Abstract
Objective
Isoprene is the constitutive unit of isoprenoid lipids and sterols. However, it is also a potential toxic and carcinogenic agent. Recent findings of a marked and prolonged isoprene overproduction induced by hemodialysis sessions raises the question of isoprene behavior in patients on peritoneal dialysis.
Design
A study with repeated measures per patient and healthy control.
Setting
Nephrology and Dialysis Unit and Perugia University Medical School.
Patients
Sixteen consecutive patients on regular continuous ambulatory peritoneal dialysis (CAPD) were evaluated. Endogenous isoprene was analyzed using gas chromatographic assay of breath isoprene, collected at set times before and after dialysis fluid exchange.
Results
No significant variations were found in breath isoprene concentrations in the different samples from each patient, and levels were almost stable within the normal range of healthy controls.
Conclusion
These results show that CAPD, unlike hemodialysis, has little or no effect on isoprene and isoprenoid-related lipid turnover. This lack of increased endogenous isoprene synthesis, in addition to being a distinctive metabolic feature of CAPD, could have important pathophysiological and clinical implications.
Keywords
Extracorporeal dialysis, or hemodialysis (HD), and peritoneal dialysis (PD) — most often continuous ambulatory peritoneal dialysis (CAPD) — are two modalities of treatment for end-stage renal disease considered alternatives, even though there may be remarkable differences in efficacy, physiology, contraindications, and complications. Problem areas for dialysis patients include continuous versus intermittent dialysis, biocompatibility and safety of the procedure, contamination, adequacy in removing small and large solutes, hemodynamic stability, anticoagulation, long-term prognosis, and the incidence of some diseases, including myocardial infarction and cerebrovascular accidents, infections, amyloidosis, cancer. (1-11). Evaluating differences in changes associated with the type of dialysis may be of interest in pathophysiological and clinical settings.

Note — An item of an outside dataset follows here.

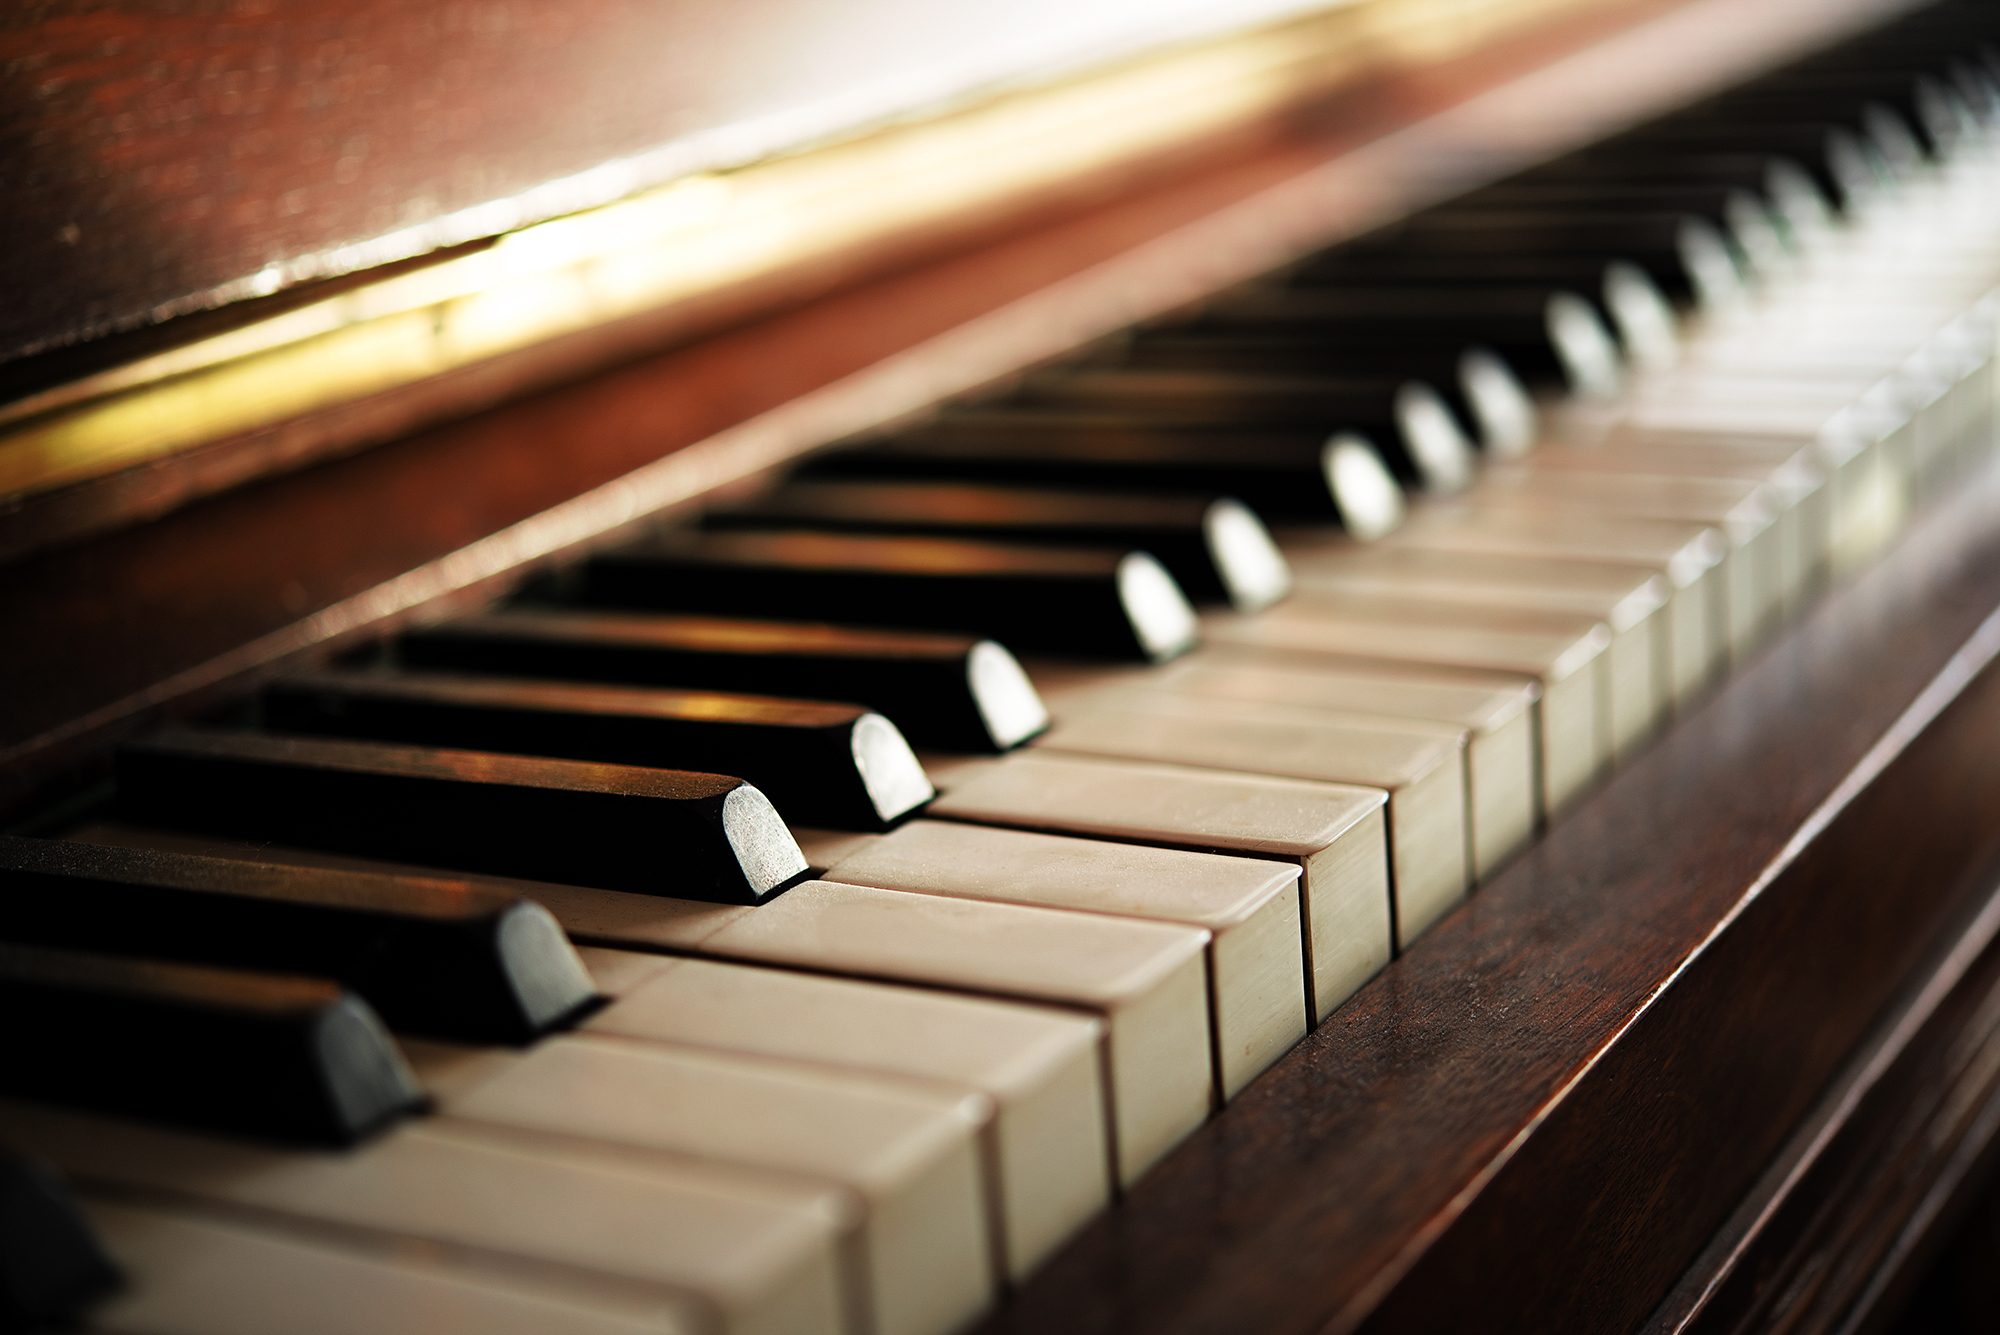 Piano keyboard of an old music instrument, close up

A new metabolic aspect described to date only in HD patients is the increased breath isoprene exhalation observed in regular 4-hour (0800 hours, 1200 hours,) three-times-weekly maintenance HD (12). Breath isoprene was increased in all patients. The overproduction was HD-induced, became evident in the postdialysis period, and followed a biphasic pattern with significantly increased overproduction also persisting the morning after, on the non-HD day (13). This behavior pattern could have clinical and biological value because cells depend on isoprenoids derived from mevalonate for growth, differentiation, and maintenance of homeostatic functions (14); moreover, isoprene is thought to have carcinogenic and toxic effects (15-18). There are no data on the behavior patterns of breath isoprene during PD.
The aim of this study was to evaluate breath isoprene patterns in patients undergoing CAPD.
Patients and Methods
Patients
Sixteen consecutive patients (8 men and 8 women; mean ± SD age 62.2 ±13 years, range 29 – 77 years) on stable CAPD were evaluated. All patients were treated with standard PD solutions, with lactate as buffer and glucose as osmotic agent at different concentrations according to individual need. Mean duration of dialysis treatment was 30.4 ± 20.2 months (range 9 – 79 months). Each patient had 3 daytime exchanges and 1 nighttime exchange. Detailed information on the 16 patients included in the study is shown in Table 1.
Patients’ Clinical Variables
CIN = chronic interstitial nephritis; PKD = polycystic kidney disease; CGN = chronic glomerulonephritis; HNS = hypertensive nephrosclerosis.
Stay-Safe, Fresenius Medical Care Science and Product Consulting, Bad Homburg, Germany; Fres/S.S3/99, Fresenius; Dianectan S, Laboratoire Aguettan, Lyon, France; Baxter T, Baxter Healthcare Corp. (Renal division), McGaw Park, Illinois, USA; Bieffe, Bieffe Medital S.p.a., Milan, Italy; Periline, Haemopharm Health Care, Milan, Italy.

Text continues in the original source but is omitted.